Eskimos have borrowed this conception from our ancestors in Greenland. The 'gand' in Iceland is also a fabulous, magic creature, sent forth by wizards, with the power of transforming itself into every possible shape; and if it does not succeed in destroying the person against whom it is sent, it returns and kills the sender. It can, however, in Greenland, no less than in Iceland and Norway, be snapped up by other wizards or witches, and its evil influence thus averted.[1]
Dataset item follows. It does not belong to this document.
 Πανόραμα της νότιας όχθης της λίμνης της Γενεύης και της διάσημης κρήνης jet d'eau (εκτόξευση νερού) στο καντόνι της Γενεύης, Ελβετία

Rink sees in these ilisitsoks and their connection with the powers of evil a possible survival from an older or primæval faith in Greenland, which is persecuted by the priests of the new faith, the angekoks.[2] Just so do we find that witchcraft among us consisted largely of remnants of the old heathenism and was, therefore, bitterly persecuted by the Christians. There seems to be much in favour of this ingenious conclusion of Rink's. It appears to me possible, however, that as the tupilek is descended from the ancient Scandinavians' belief in gand or 'mes-

  1. Compare Carl Andersen, Islandske Folkesagn og Eventyr, 2nd edit. (1877) pp. 144-149. It is interesting to compare these Icelandic tales with the East Greenland legend related by Holm (Meddelelser om Grönland, part 10, p. 303), which is very similar in matter, though of course adapted to the conditions of life in Greenland. Analogous tales are also to be found in Norway, according to Moltke Moe, who has directed my attention to this remarkable similarity.
  2. Rink, Tales and Traditions of the Eskimos, p. 42.